I don't think so. It looks like kind of a mess to me: a strainer full of mushy apples and seeds and tough cores. But the book said---the book said---to boil the apples without peeling or cutting out their middles, because most of the pectin is in the skin and core. Pectin is what makes fruit juice set up into jelly, and jelly was the best end I could devise for these apples. So I boiled them all into an ugly muck.
I didn't have much to lose. Someone gifted me the soft, mealy fruits. It was an act of kindness, I'm sure, but my first bite vehemently declared that these apples were chicken food, not people food.
John remembers his grandmother making apple jelly---lining up her jars on the counter, filling them with the hot syrup and then floating a clear stream of melted paraffin on top for a seal.
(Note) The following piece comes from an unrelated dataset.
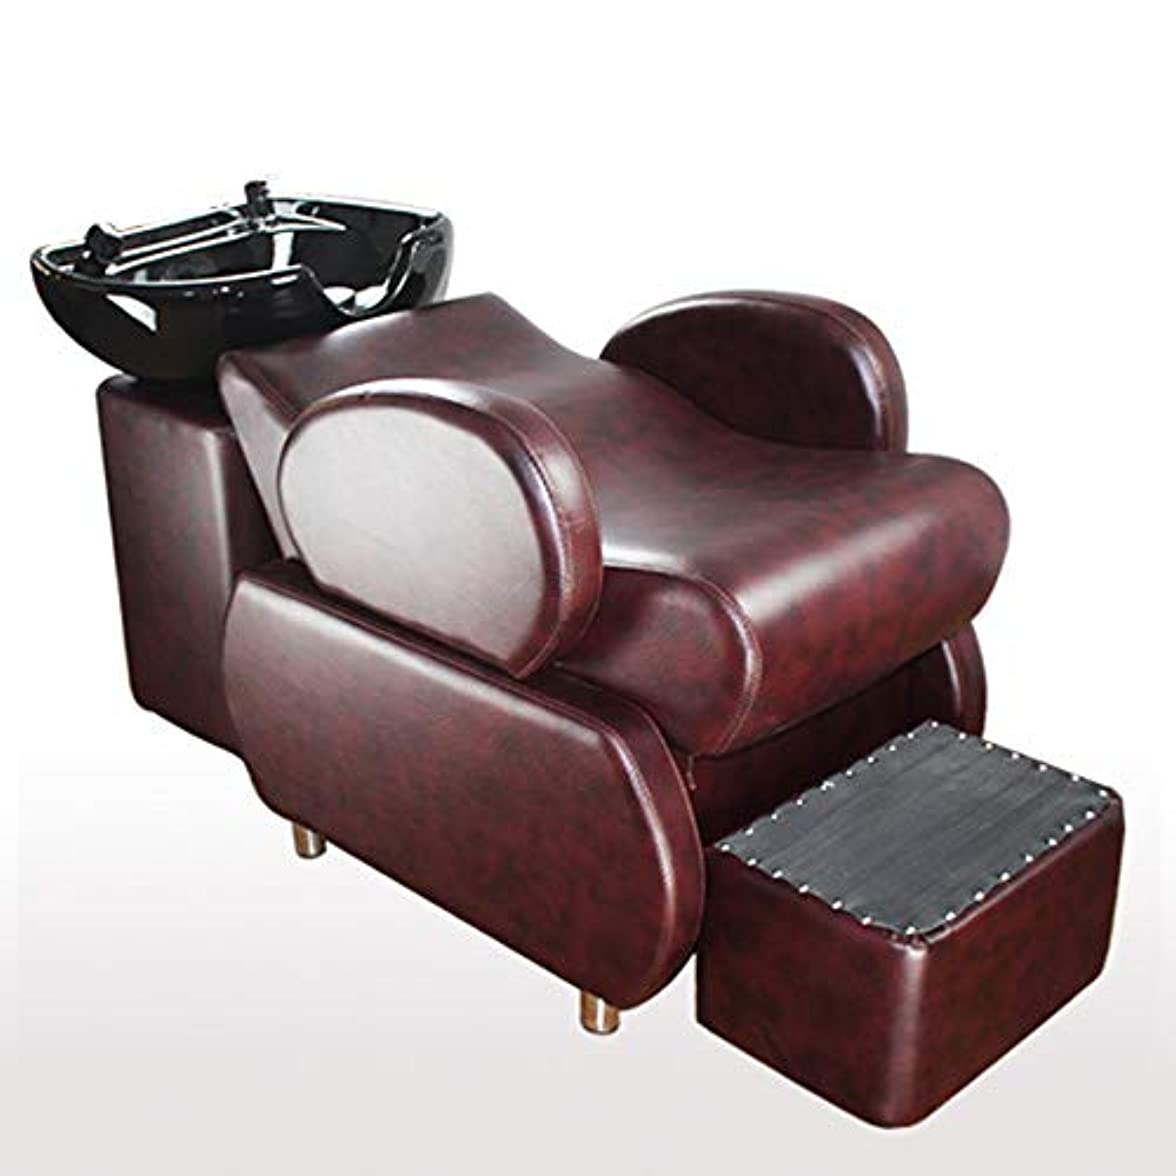 地上で混乱させるプレフィックスシャンプー椅子、逆洗ユニットシャンプーボウル理髪シンク椅子半横たわっているシャンプーベッドスパ美容院機器

I like to think that when the babies weren't crying and the hogs weren't out, his grandmother paused for a moment before she whisked the jars down to her closet under the basement stairs.
I like to think she took time to notice the sunlight flaming through the colors she had just sealed in glass.
I hope she smiled at the contrast when she set her autumn hues alongside chunks of summer green that she had canned with the pickles a few weeks earlier. Colors tucked away for future reference, holed up in the closet beneath the steps, waiting for release into January's shroud of grey and tan and white.